When the Agarwals’ do it yourself investing met expert advice, their investments took a turn for the better
Taking premature retirement was a big decision for the couple. Rohit retired from the army some 6 years ago. The couple’s two children were in school then. “We were a little apprehensive. I was sure that I wanted to live in Delhi, but we didn’t have a house here. We could have stayed with my parents but we didn’t really want to do that,” said Rohit.
“Then, on retirement, there was a lump sum amount that had to be invested properly,” said Divya. They decided that they needed advice on how to invest “essentially, our life’s savings for the long term, and not make mistakes with it”.
Education: The couple’s biggest near-term goal is their children’s education. The son is now in fourth year of law school and the daughter is in the first year of design school. “We would like them to abroad for further education,” said Rohit. For this, they will need about Rs 10 lakh per annum for the next 2 years, and then about Rs20 lakh per annum for 4-5 years.
Retirement: The couple’s other main goal is to secure recurring income for the retirement years.
Thanks to Rohit’s pension, and the medical coverage for defence personnel and their dependants, they are in a relatively comfortable position.
Taking the advice of a financial planner helped the couple manage their finances better.
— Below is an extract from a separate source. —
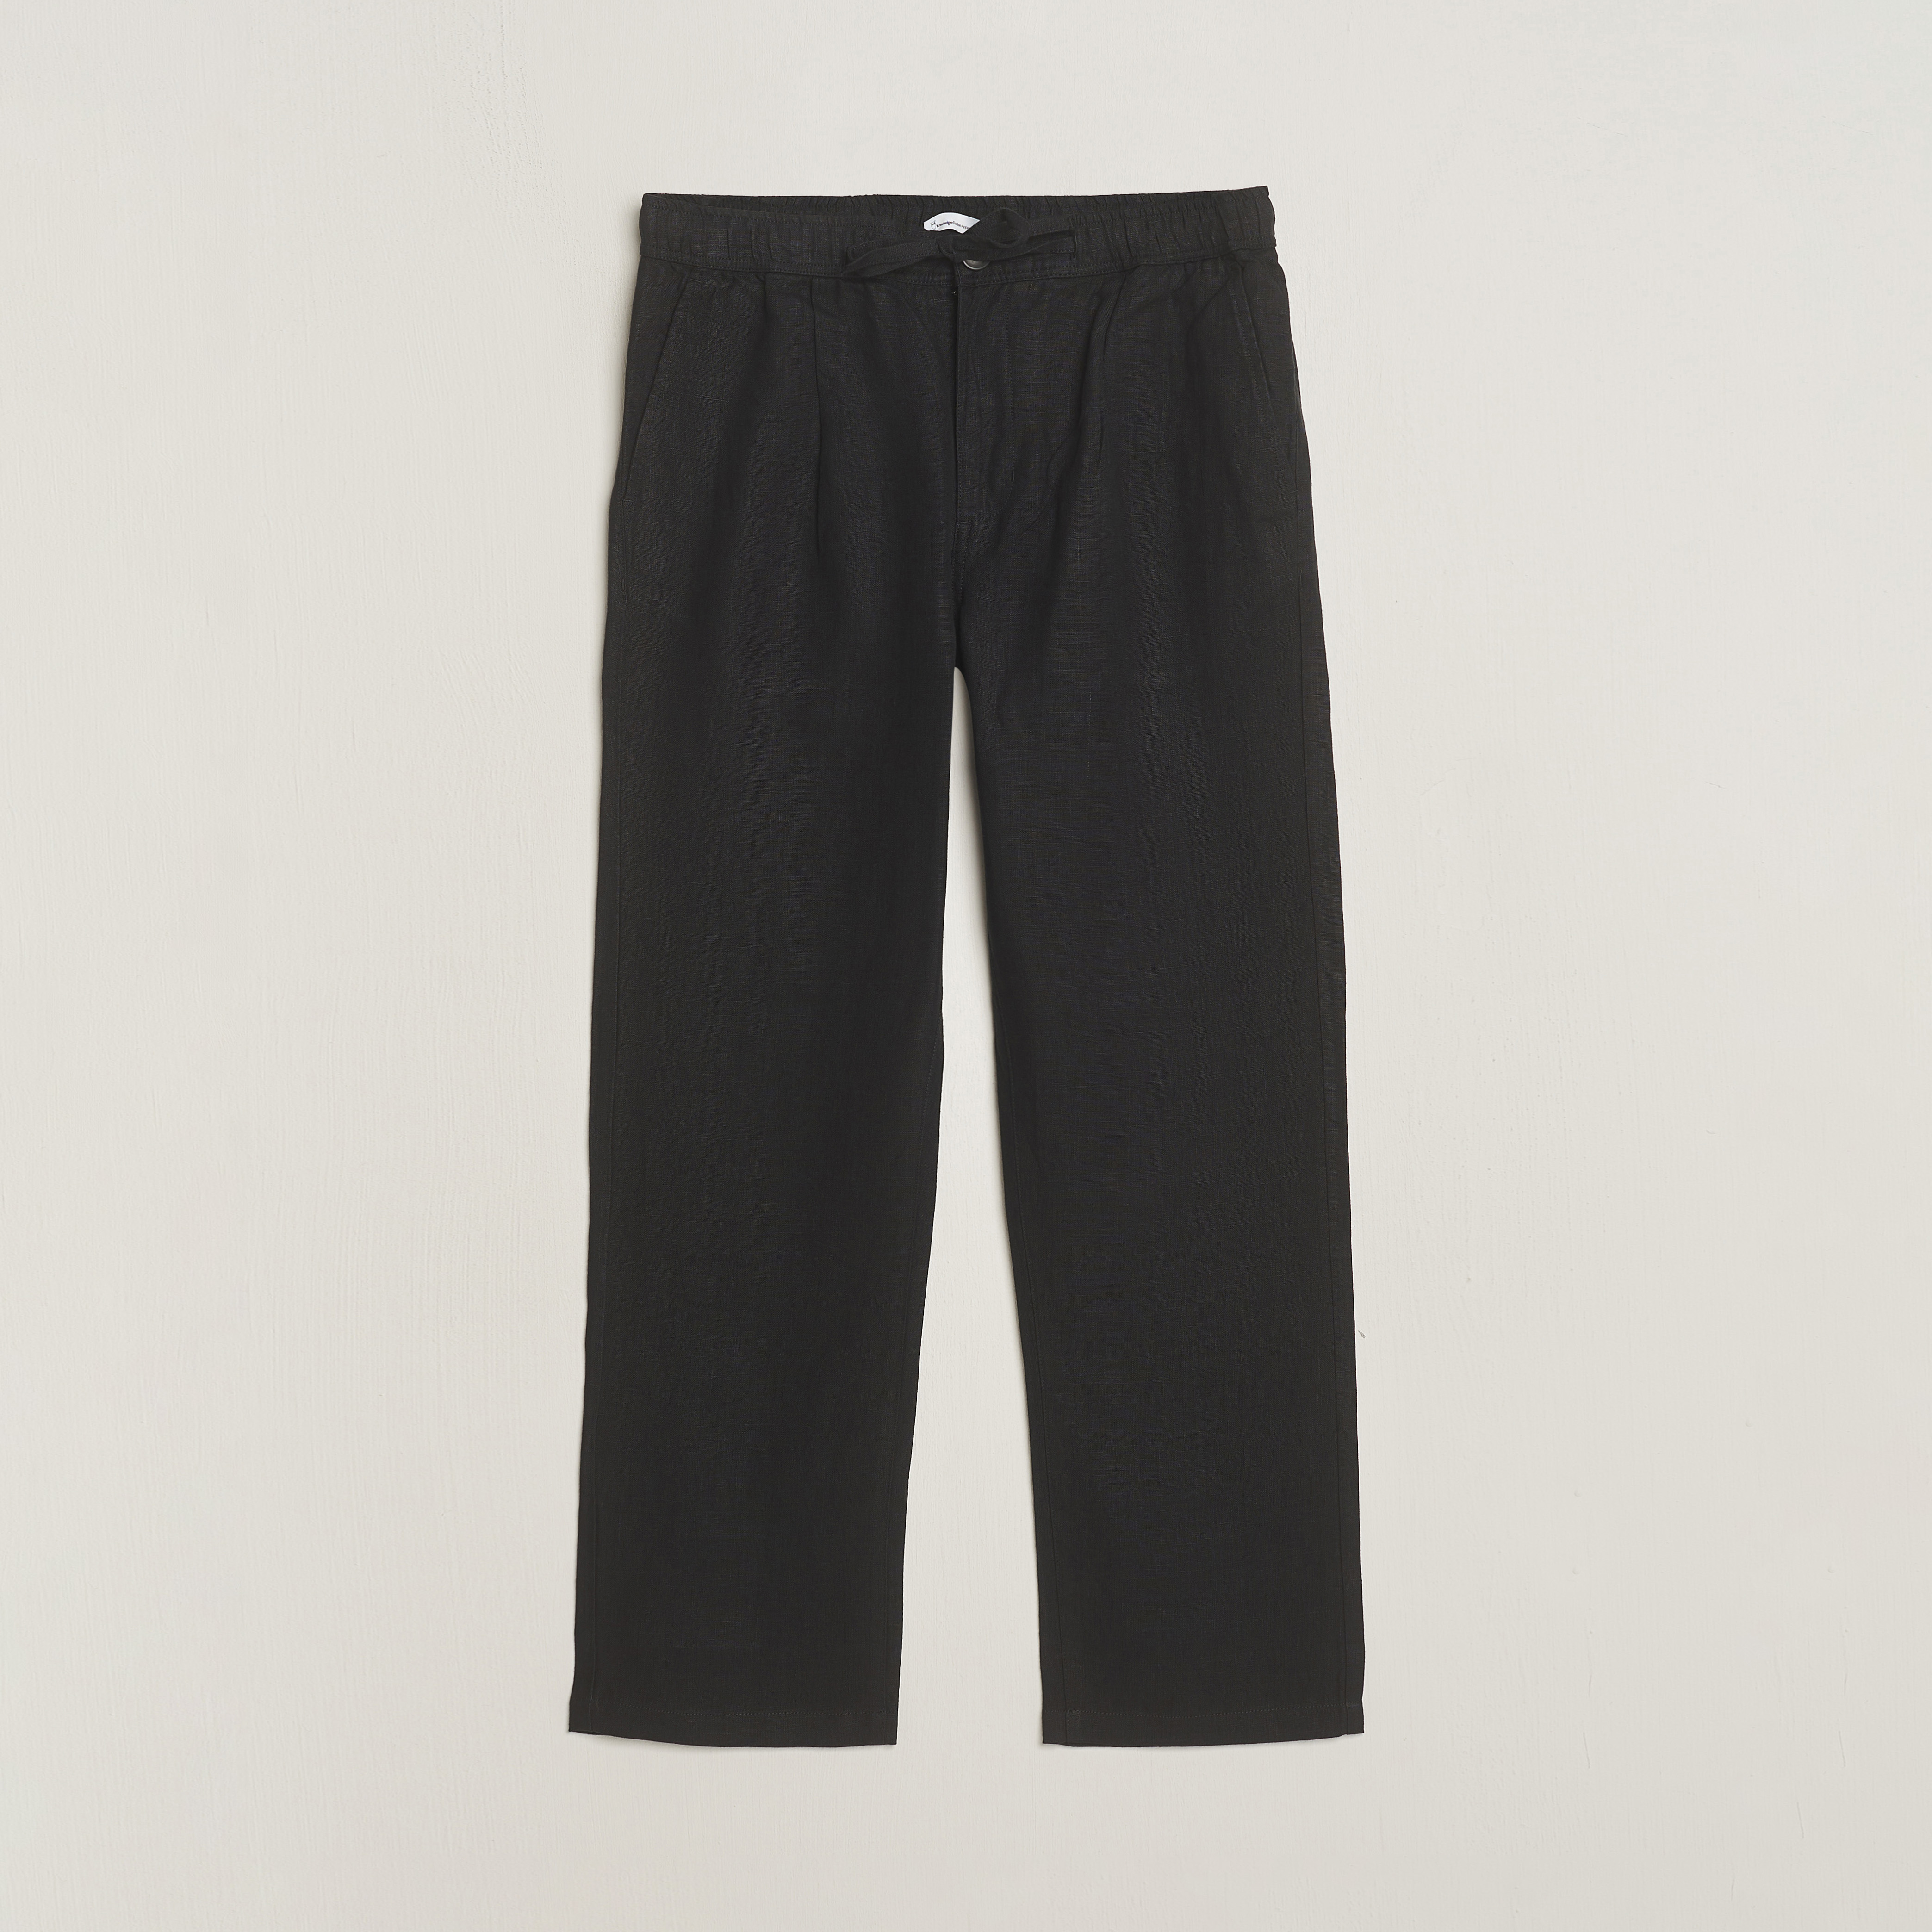 Buy Loose linen pant - Black Jet - from KnowledgeCotton Apparel®

When Rohit was doing his own investing, he realised that to make the best use of the funds, he would have to either work to stay abreast with the market, or he could take professional advice.
“We would have had to spend a lot of time trying to figure things out,” Divya said. “When I was in the army, I did a lot of day trading. Surya (Bhatia) explained to me how this was a mistake in the long term,” said Rohit.
Growth: The couple has seen their investments grow.
“We have a few SIPs (systematic investment plans) now,” said Rohit. “Having a plan has helped us over the years,” said Divya.
Investments, savings and tax planning have been tailored around Divya’s regular income and Rohit’s erratic cash flow from freelance consulting jobs.
Correct directions: Over the years, they have also been saved from making mistakes. “Whenever we had some harebrained idea, we were thankfully able to get advice against it,” said Divya. A couple of years ago, Rohit and Divya felt they should invest in a property in Delhi. “We even went to see some places and they looked attractive,” said Divya. But the couple were advised by their planner that they could get similar returns from investing in mutual funds, with lower risk and effort.